Introduction to Gradient Descent
Gradient descent is an iterative optimization algorithm used to minimize a cost function by adjusting model parameters in the direction of steepest descent. In machine learning, we use gradient descent to find the optimal weights that minimize the difference between predicted and actual outputs.
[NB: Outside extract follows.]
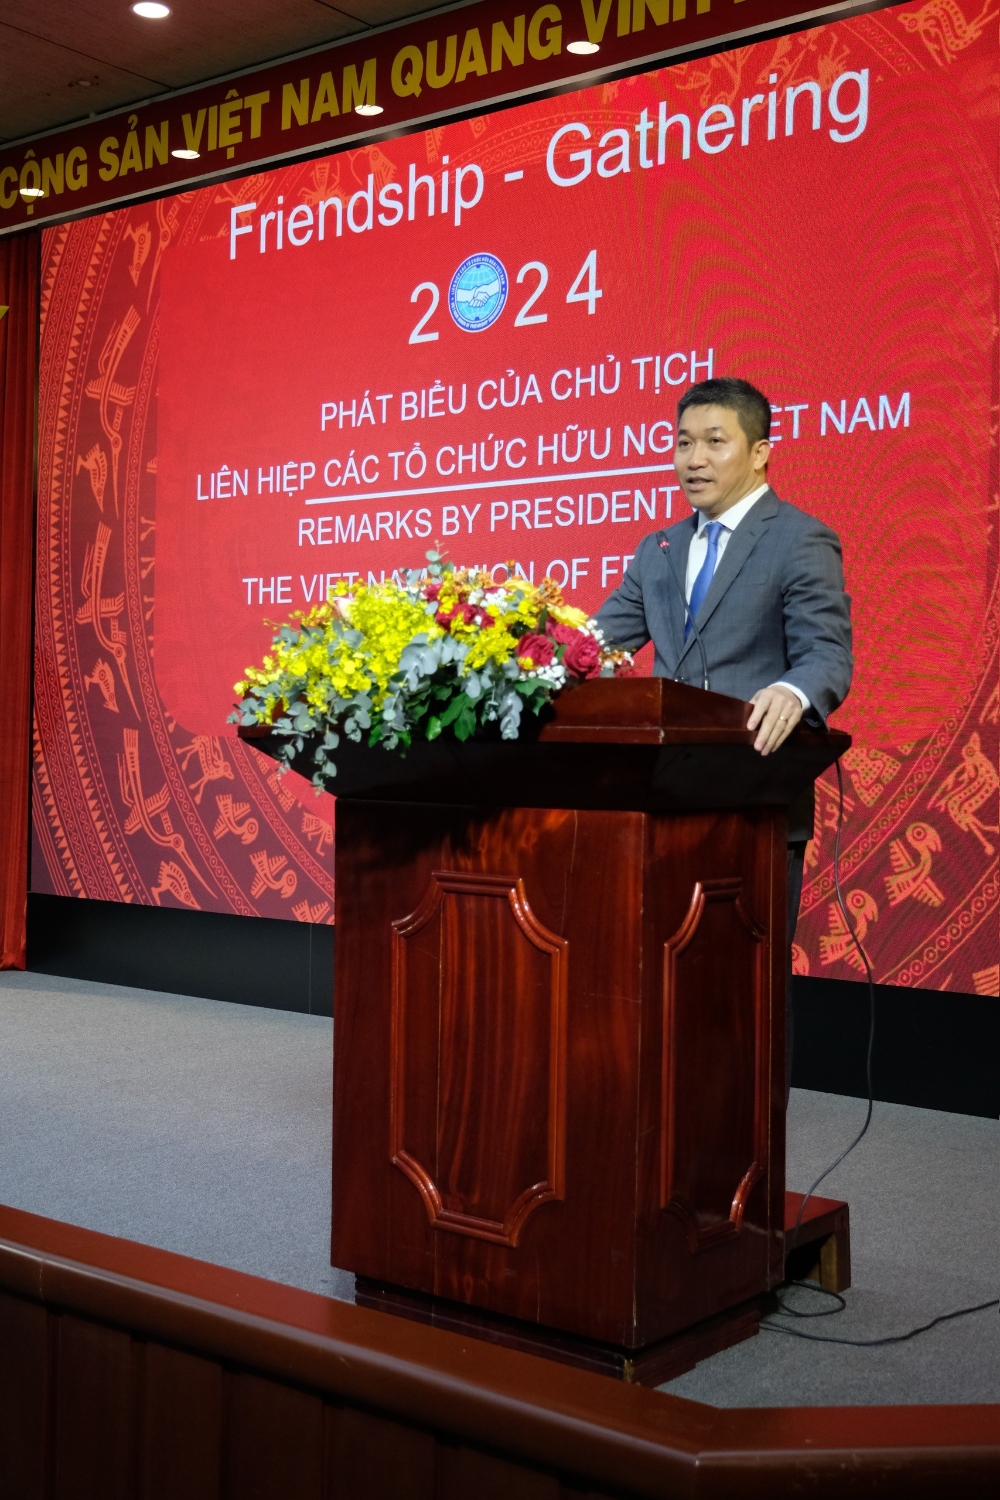 VUFO President Phan Anh Son delivers his speech at the event. Photo: Thoi Dai

The algorithm follows a simple principle: calculate the gradient (slope) of the cost function with respect to each parameter, then adjust parameters in the opposite direction of the gradient.
The Gradient Descent Algorithm
The general gradient descent update rule is:
wnew = wold - α × ∇J(w)
Where:
- w: Model parameters (weights and biases)
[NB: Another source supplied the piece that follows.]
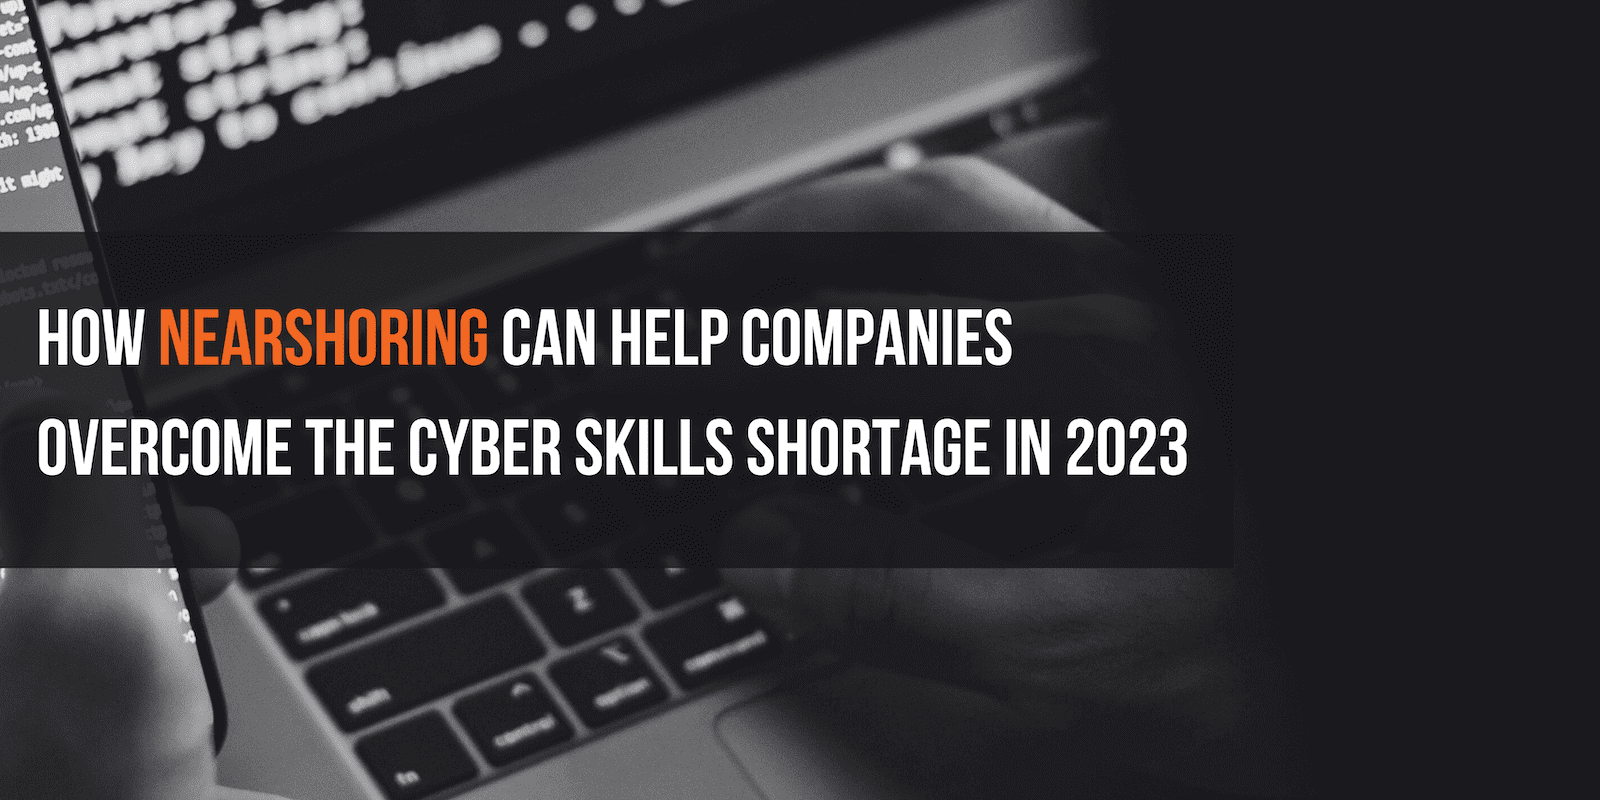 How Nearshoring Can Help Companies Overcome the Cyber Skills Shortage in 2023

- α (alpha): Learning rate - controls the step size
- ∇J(w): Gradient of the cost function with respect to weights
- J(w): Cost function that measures prediction error
Key Components
1. The Sigmoid Activation Function
For binary classification, we use the sigmoid function to convert linear combinations into probabilities between 0 and 1:
σ(z) = 1 / (1 + e-z)
The sigmoid function has several desirable properties: it's differentiable everywhere, outputs values in (0,1) range which can be interpreted as probabilities, and has a simple derivative: σ'(z) = σ(z) × (1 - σ(z)).
2. Forward Propagation
In forward propagation, we compute the model's prediction by passing input through the network:
z = w1x1 + w2x2 + ... + b
ŷ = σ(z)
Where x represents input features, w represents weights, b is the bias term, and ŷ is the predicted output.
3. Cross-Entropy Loss Function
For binary classification, we use cross-entropy loss to measure prediction error:
J = -1/m × Σ [y × log(ŷ) + (1-y) × log(1-ŷ)]
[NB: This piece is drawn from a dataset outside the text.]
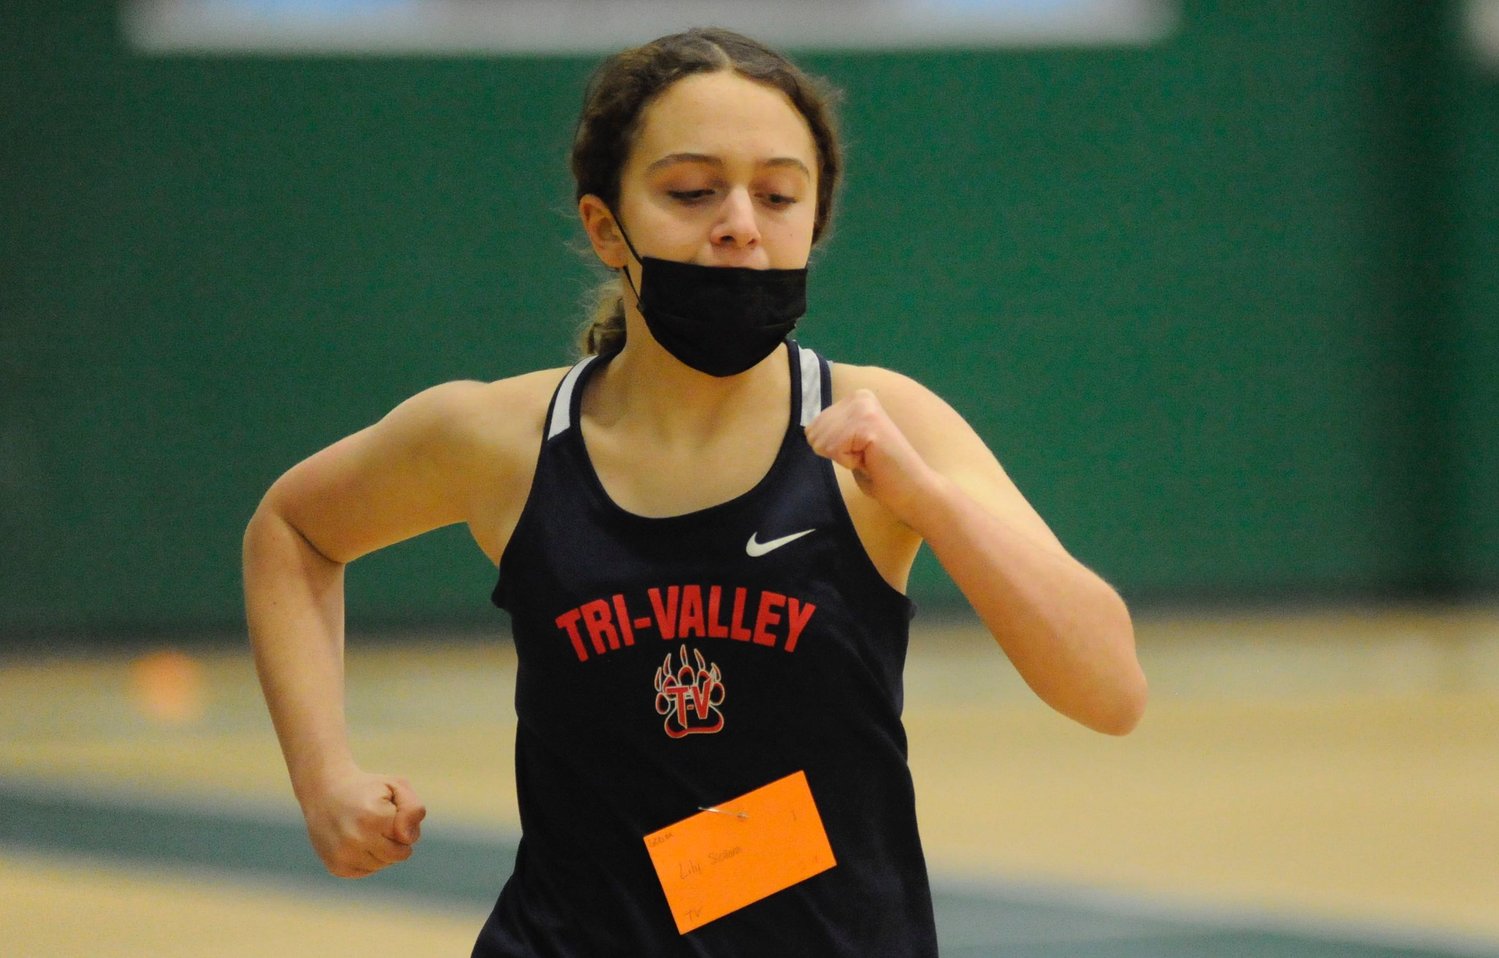 Tri-Valley’s Lily Siciliano placed fifth in the girls’ varsity 600-meter run.

This loss function penalizes confident wrong predictions heavily and approaches zero when predictions are correct. It's convex for logistic regression, guaranteeing that gradient descent will find the global minimum.
4. Gradient Computation (Backward Pass)
The gradient tells us how to adjust each weight to reduce error. For logistic regression, the gradient of the loss with respect to weights is:
∂J/∂wi = 1/m × Σ (ŷ - y) × xi
This gradient is computed for each weight and bias, then used to update parameters in the direction that reduces loss.
5. Learning Rate Selection
The learning rate α controls how large each update step is. Too large, and the algorithm may overshoot the minimum and diverge. Too small, and training will be extremely slow. Typical values range from 0.001 to 0.1, but the optimal value depends on the specific problem and dataset scale. In this lab, you'll experiment with different learning rates to understand their impact.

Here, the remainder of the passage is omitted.